Dava şartları, davanın esası hakkındaki yargılamanın devamı için gerekli olan şartlar olup, davanın açılabilmesi için değil mahkemenin davanın esasına girebilmesi için aranan kamu düzeni ile ilgili zorunlu koşullardır. Bu nitelikleri gereği de eksiklik bulunması halinde tamamlanabilir olup olmadıklarına göre ve 6100 sayılı HMK’nın 114 ile 115. maddelerindeki düzenlemeler kapsamında ele alınmaları gerekir.

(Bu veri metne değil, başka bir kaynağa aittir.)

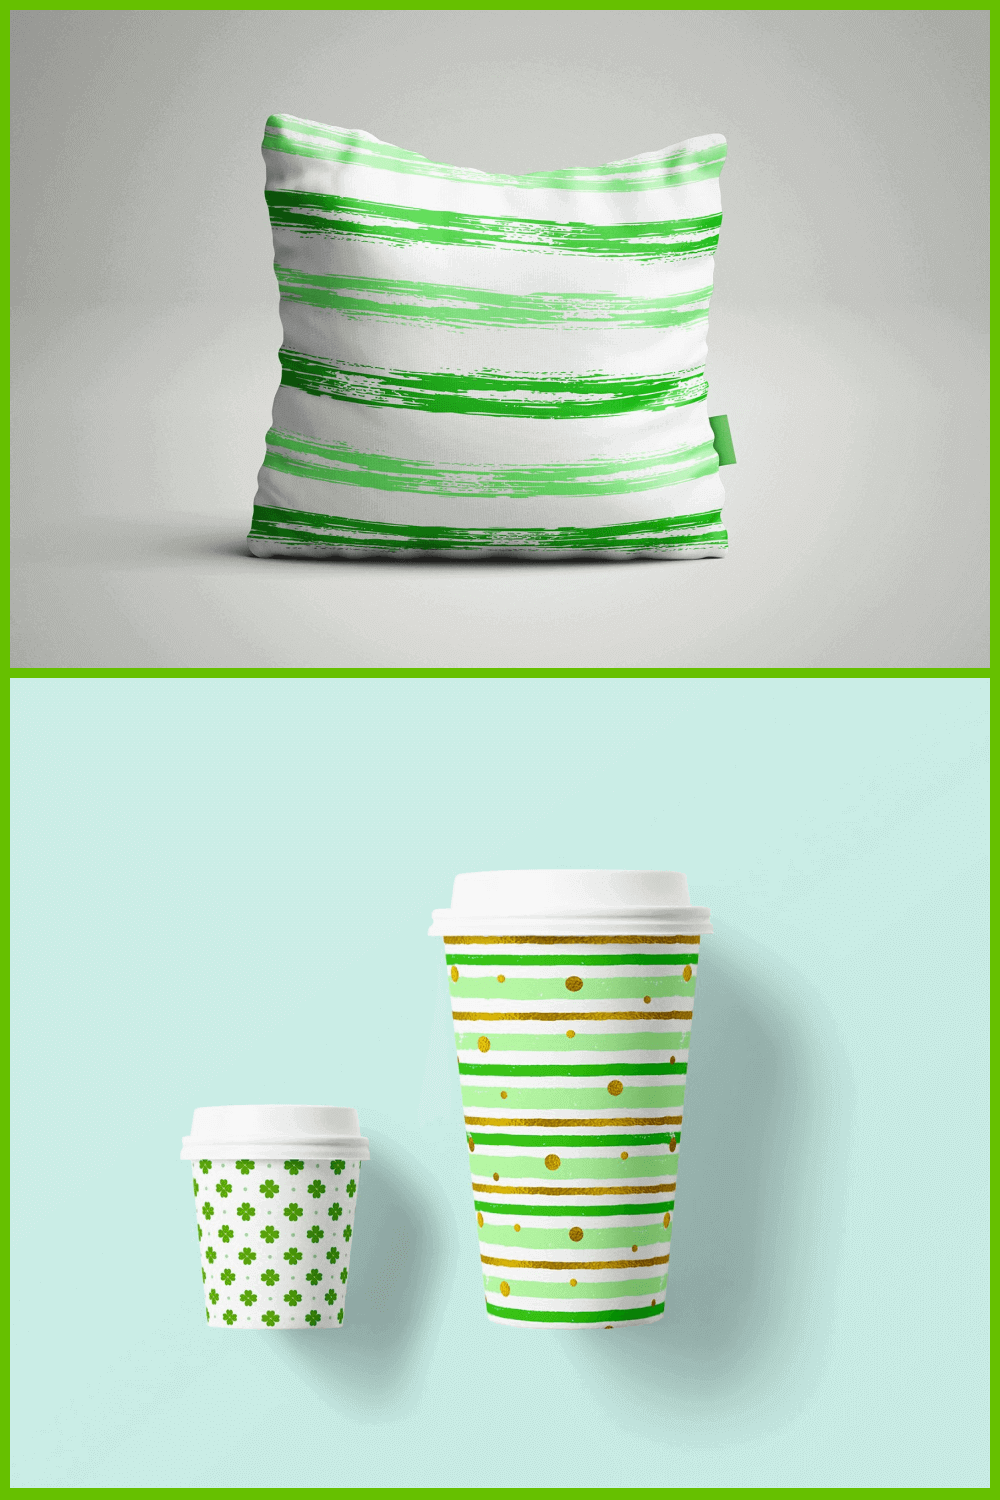 Pillow and Cups with Special Design.

Davanın esasına girilmesine engel olacak nitelikteki dava şartı eksiğinin giderilmesinin her zaman mümkün olduğu durumlarda, HMK’nın 115/2. maddesi gereği eksikliğin giderilmesi için kesin süre verilip sonucuna göre karar verilmelidir.
2918 sayılı Karayolları Trafik Kanunu’nun 97. maddesi ile zorunlu mali sorumluk sigortasından faydalanmak isteyen hak sahiplerinin dava yoluna gitmeden önce sigortacıya yazılı başvuru yapması gerektiği düzenlenmiş olmakla birlikte, başvurunun yapıldığı; ancak, eksik ya da usule uygun olmayan belge ile başvurulduğu savunmasının olduğu durumlarda usule uygun olmadığı savunulan belgedeki eksikliğin tamamlanabileceği açıktır.
İtiraz Hakem Heyetince; davacının maluliyet oranının tespiti için Adli Tıp Kurumu veya Üniversite Hastanelerinin Adli Tıp Anabilim Dalı bölümlerinden olay tarihinde yürürlükte olan Özürlülük Ölçütü Sınıflandırması ve Özürlülere Verilecek Sağlık Kurulu Raporları Hakkında Yönetmelik hükümlerine ve yönetmelikteki hesaplama yöntemine uygun, davacıdaki travma sonrası stres bozukluğunun kalıcı olup olmadığı da değerlendirilmek suretiyle ayrıntılı, gerekçeli, içerisinde ruh sağlığı ve hastalıkları uzmanı ile ortopedi ve travmatoloji uzmanının da bulunduğu heyetten denetime elverişli maluliyet raporu alınarak (usuli kazanılmış haklar gözetilmek suretiyle) sonucuna göre karar verilmesi gerekirken yazılı şekilde hüküm tesis edilmiş olması doğru değildir. Kararın bu nedenle bozulması gerekir.
SONUÇ: Yukarıda açıklanan nedenlerle davacı vekilinin temyiz itirazlarının kabulü ile temyiz itirazlarının kabulü ile İtiraz Hakem Heyeti kararının BOZULMASINA duruşmada vekille temsil olunmayan davacı yararına vekalet ücreti takdirine yer olmadığına, peşin alınan harcın istek halinde temyiz eden davacıya geri verilmesine 21/09/2022 tarihinde oybirliğiyle karar verildi.